L' Envie
C’est parce que la notion d’envie a longtemps été associée à quelque chose de futile et de secondaire, et trop souvent occulté par des concepts plus rationnels tels que le besoin, ou le désir, qu’il convient selon Laurence Gelin, en ces temps d’incertitude pour l’observateur social, de revenir sur ce type d’interrogation.
Initiatrice de l’Observatoire de l’Envie, Laurence Gelin explique que plus que jamais, les publicitaires se rendent attentifs aux émergences de motivations et comportements consommatoires les plus furtifs. Repérant là un enjeu de taille dans nos sociétés contemporaines, elle nous propose ainsi de réfléchir sur cette manière nouvelle d’être et de consommer.
En ce sens, Michel Maffesoli rappelle « l’obsolescence » et l’épuisement de certains mots et notions trop longtemps utilisés pour dire la société, et propose de « se purger de ces mots impertinents » et de leurs » incantations ».
Dans la culture occidentale et judéo-chrétienne, le mal est refusé ou dénié comme péché. Il ne se définit alors que par défaut, par ce qu’il n’est pas. Il est l’inverse du bien, un anti lieu, contrairement à certaines sociétés qui lui ont attribué une place réelle dans le monde, non obscure, une divinité.
L’envie serait peut-être de cela, selon Michel Maffesoli. Un « élément de la globalité ». Evoquant Jung, il indique que donner une place au mal ou à l’inacceptable, c’est accepter de ne pas le soigner, et l’intégrer dans le monde, le social et le quotidien. A ce propos, Maffesoli parle d' »homéopathisation » du mal, une manière de vivre la mort au quotidien, de la digérer et de la ritualiser.
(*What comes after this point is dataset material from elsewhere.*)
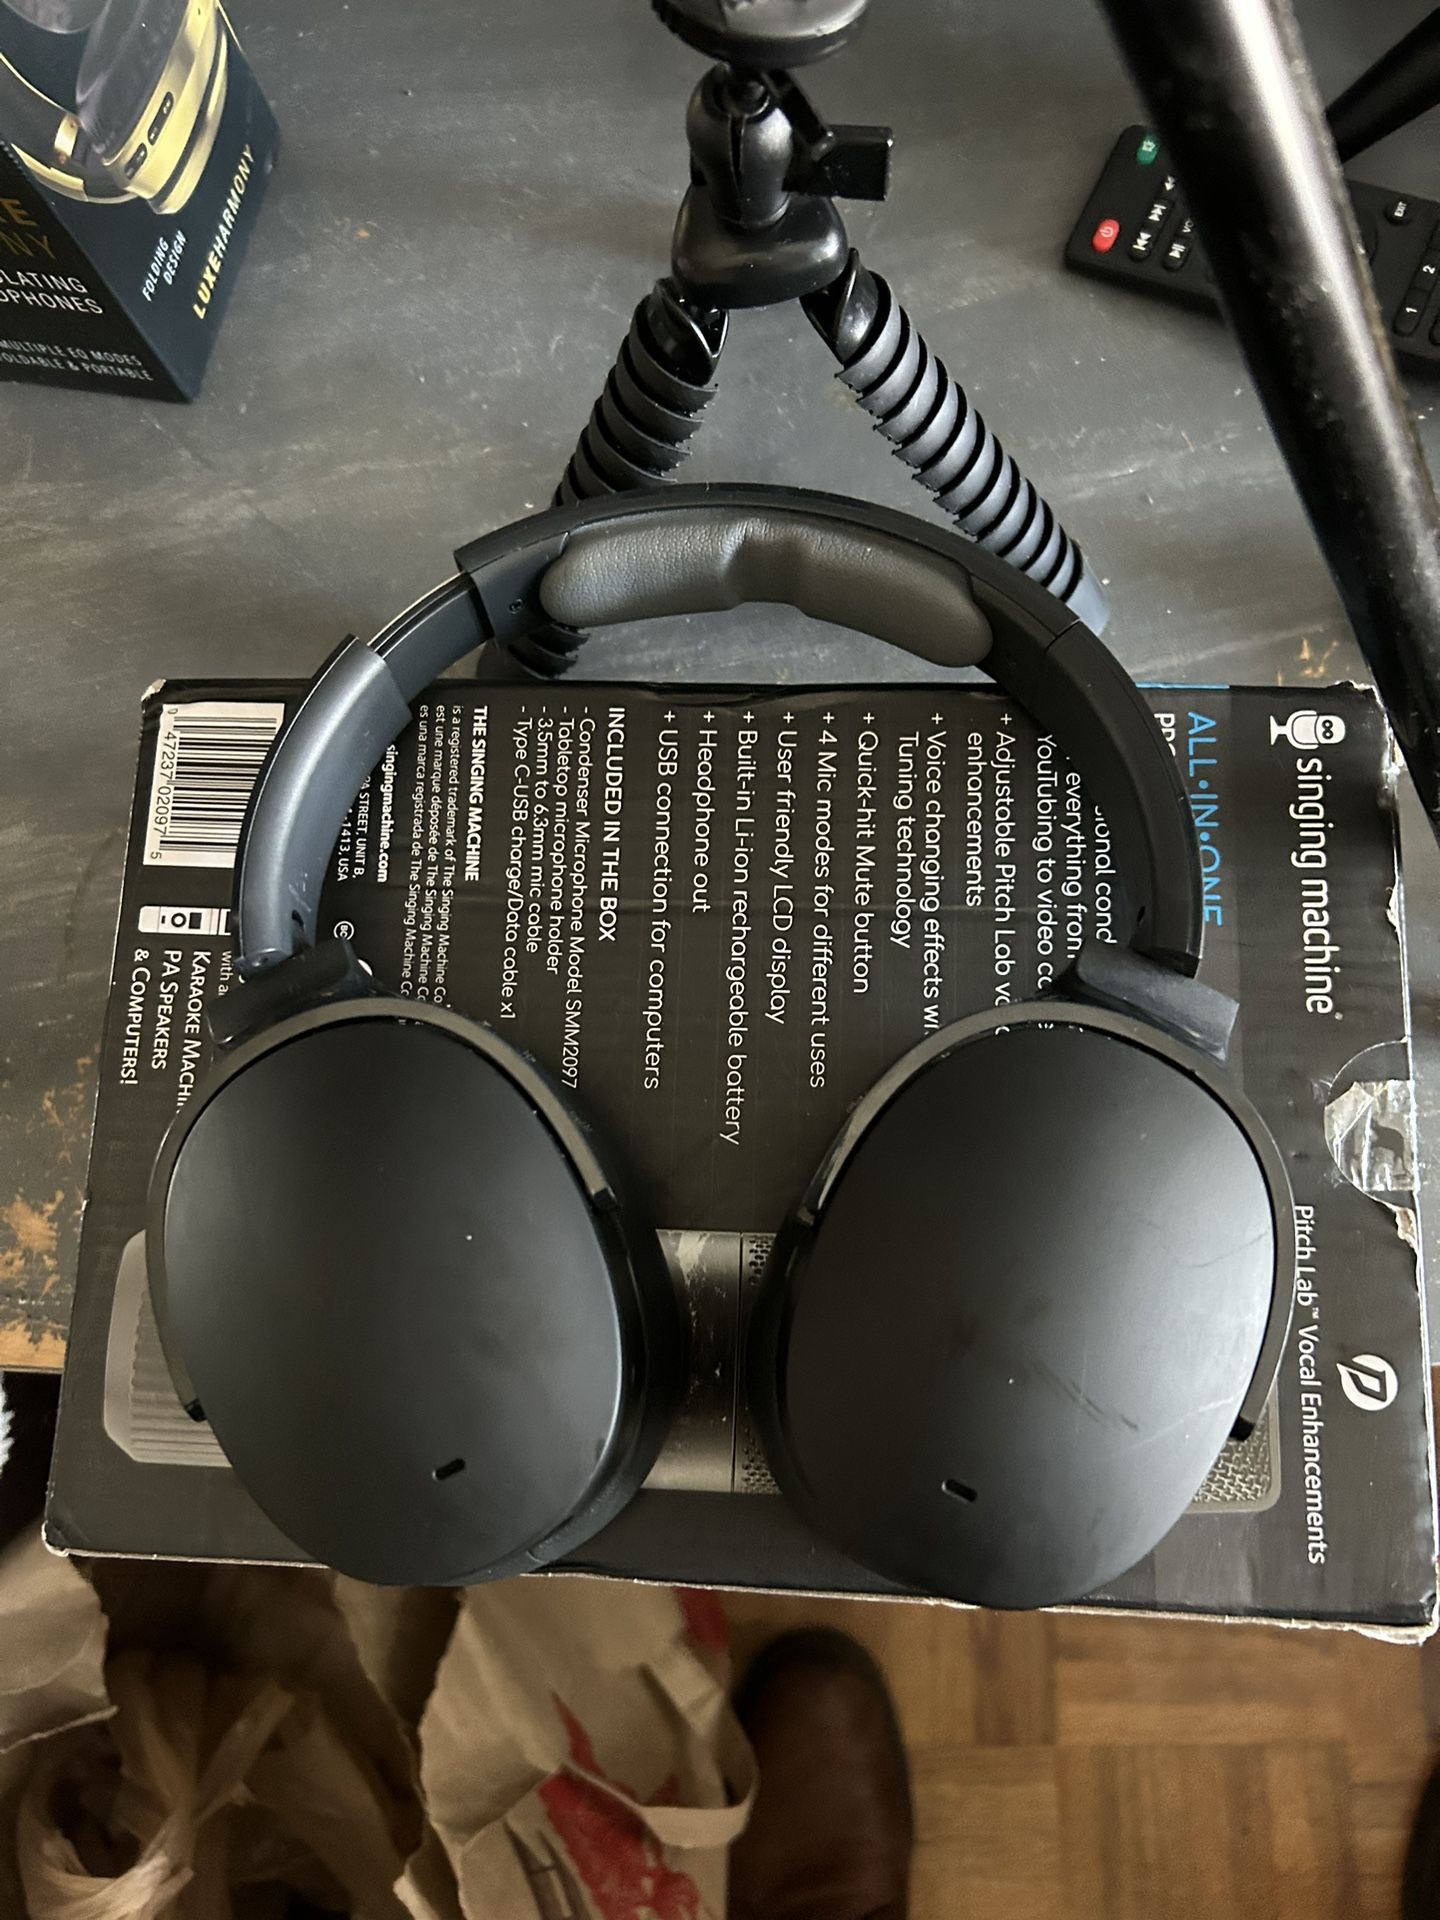 Skullcandy Hesh ANC Noise Canceling Bluetooth Wireless Over-Ear Headphones - Black

De cette manière, l’envie serait le signe d’une certaine « dilution du sujet ». A l’encontre de notre tradition du sujet et de l’individu, s’articulant dans « le couple tétanique sujet/objet », mu par la rationalité de son fonctionnement (besoin économique, désir psychique), M. Maffesoli nous rend attentif à ce qui pourrait préexister avant le sujet construit, c’est-à-dire la relation, ou selon ses mots, le « primum relationis ».
Dans ce sens, « l’envie assume le mal », dans la mesure où elle crée la relation. Relation « affectuelle », irraisonnée, manière d’expliquer les coups de coeur, les achats inconsidérés, et » qui créent l’entité, la reliance et la subjectivité de masse. »
Evoquant Gilbert Durand, Maffesoli rappelle cette » trajectivité sujet/objet », qui, loin des discours purement intellectuels prend lieu et acte dans une société évoluant selon lui de la « consommation » à la « consumation ».
L’envie évoque pour Alain Etchegoyen un « sentiment de paradoxe », aussi, il la décrira comme un phénomène ambigu. « Effet de surface, caprice imprévisible et momentané », elle est le signe des temps, et permet de qualifier les comportements de masse sous un angle nouveau.
L’envie constitue une sorte de réponse, « le consommateur peut être actif, sans toutefois être victime de la société de consommation. »
Les industriels et les publicitaires emploient d’ailleurs l’expression « donner de l’envie », « notion qui regroupe dépense et générosité ». L’envie revêt un caractère « saillant », et qui bouscule les autres appétits.
Son ambiguïté la conduit également à un état proche de la haine (envie de l’autre, par le biais de l’objet convoité), et elle reste un péché capital.